According to an embodiment, the email client software running on the Email Recipient's (26) computer may then sort or otherwise processes the email based on the modifications performed by the proxy email classifier. For example, email containing the header “Classification: spam” might be moved to a special spam folder configured in the email client software. In one embodiment, the settings of the email client may be changed without modifying the email client software.

According to an embodiment of the present invention, after receiving an email from an email classifier such as those shown in FIG. 1 or FIG. 4, the Email Recipient (26) may wish to provide one or more example emails as feedback to the Email Classifier (22) to reinforce the email classifier's classification, or to correct an incorrect classification.

FIG. 5 shows an example of how an email recipient uses dedicated control mailboxes to train an email classifier according to an embodiment of the present invention. In this example, the Email Recipient (26) may provide an example of a spam email for training. A separate control mailbox is created for each category for which feedback is to be provided, and email recipients may forward example emails to the appropriate control mailbox.

In FIG. 5, the Email Recipient (26) is shown to have forwarded the example email to the Spam Control Mailbox (51). In this example, we will refer to the original email received by the Email recipient as the “example email” and the forwarded email sent to the control mailbox as the “training email.” The example email is preferably contained in either the body of the training email or as an attachment to the training email. Examples of different forwarding formats are given in the detailed discussion of the Training Email Retriever (53) and the Email Database (23).

According to this embodiment, the Training Email Retriever (53) may check the control mailboxes (51, 52) periodically. The Training Email Retriever may then extract the header information and/or the content of the example email from the body of the training email. The Training Email Retriever may then use that information to retrieve the original example email, and/or its derived statistics, from the Email Database (23). The details of the email extraction and retrieval are explained in detail below.

The Training Email Retriever (53) may then use the information retrieved from the email database and/or the category corresponding to the control mailbox to instruct the Email Classifier (22) to update a filter. The specific details of this communication depend on the nature of the Email Classifier used in the embodiment. The communication will preferably rely on either integration of the Training Email Retriever and the Email Classifier or the Application-Program Interface (API) of the Email Classifier.

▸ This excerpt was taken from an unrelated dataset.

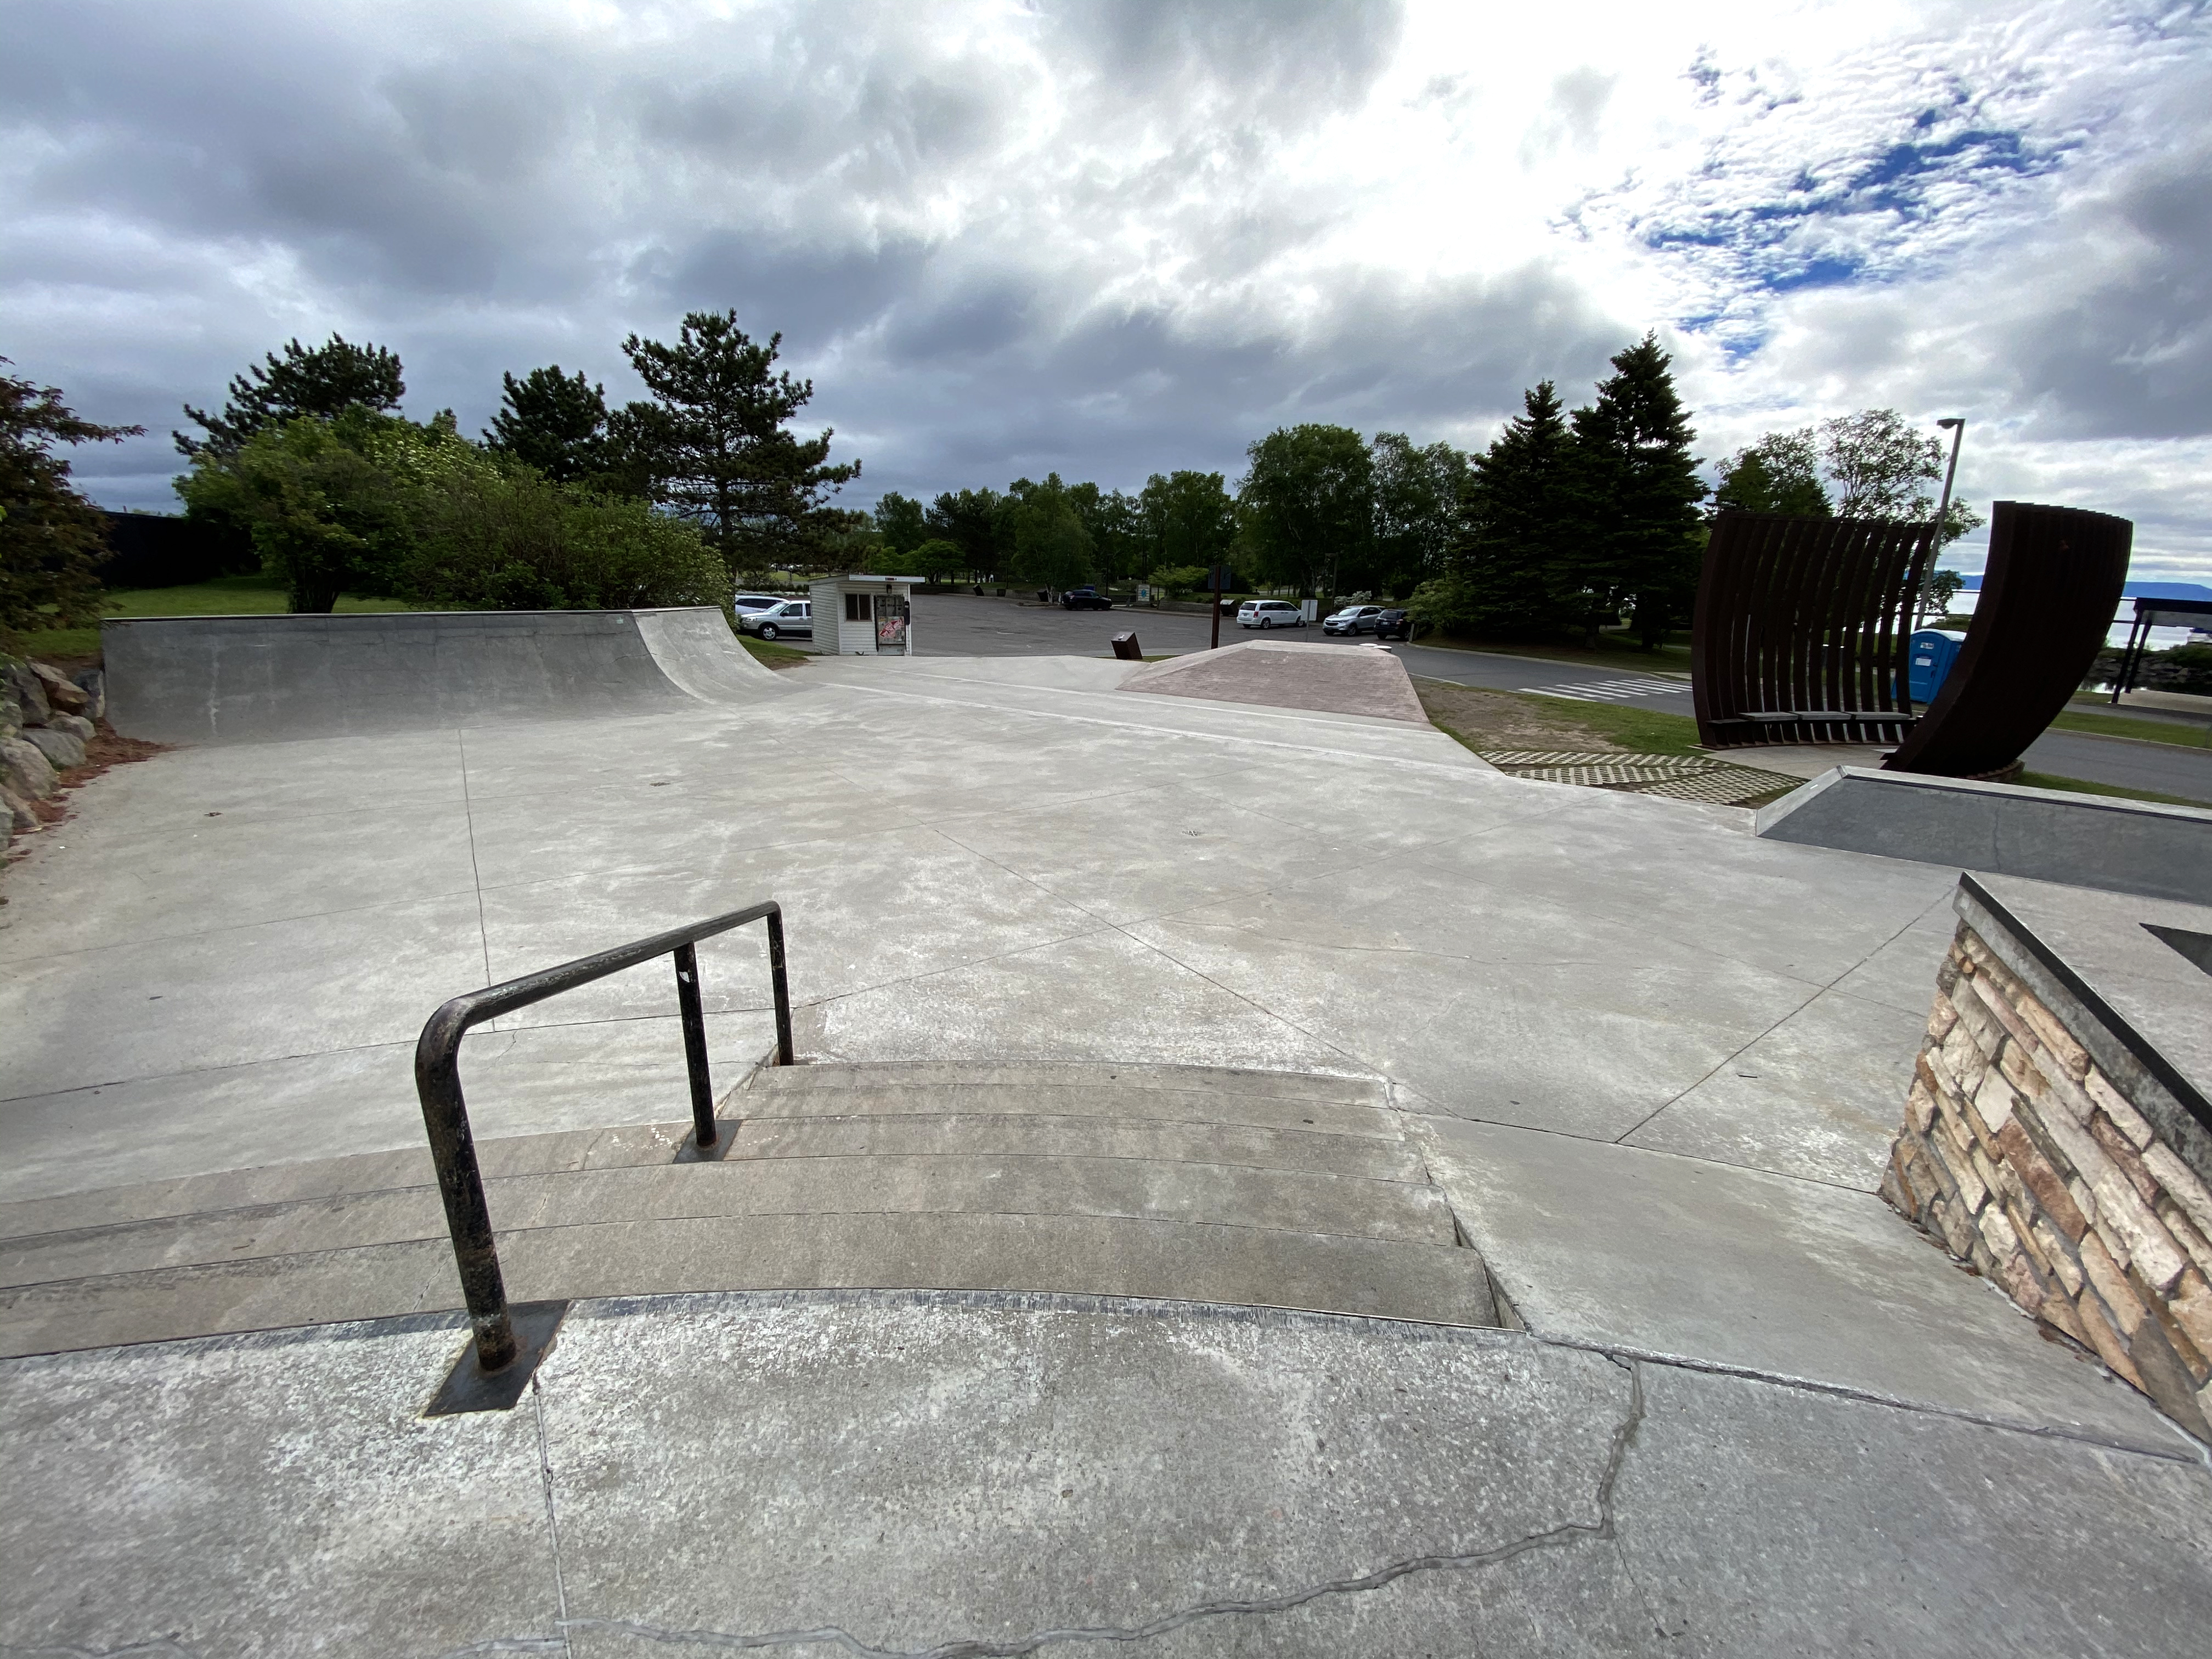 Thunder Bay marina plaza skatepark in ontario

It is noted that if the example email of the embodiment shown in FIG. 5 was a “No Spam” email, the Email Recipient 26 would forward the email to the NoSpam Control Mailbox 52. The email would then be treated in a similar fashion as described above regarding the Spam email.

FIG. 6 shows an example of a training email generated using a typical email client according to an embodiment of the present invention. The training email may then be used to forward the example email shown in FIG. 2. In this example, the email client has removed most of the header information from the example email before placing the example email's header information in a header block (71) in the body of the training email. The body of the example email (72) typically follows the header block.

The Training Email Retriever may then extract the header information from the header block (71) and use it to retrieve the original email or its derived statistics from the Email Database. However, since the information contained in the header block and its format can vary greatly among email clients, various embodiments employ a novel technique, hereinafter referred to as “Adaptive Header Resolution”, to extract the header information and retrieve the data from the email database.

FIG. 7 shows an example of how Adaptive Header Resolution may extract the index information from the header block according to an embodiment of the present invention. If the header block of the training email is in html format, it may be converted into plain text. The To and From email elements may then be extracted and stripped of all text that is not part of the basic email address. In the example shown in FIG. 6, the To element would be extracted as “t3 @xyz.com” and the From element would be extracted as “smith@abc.com.”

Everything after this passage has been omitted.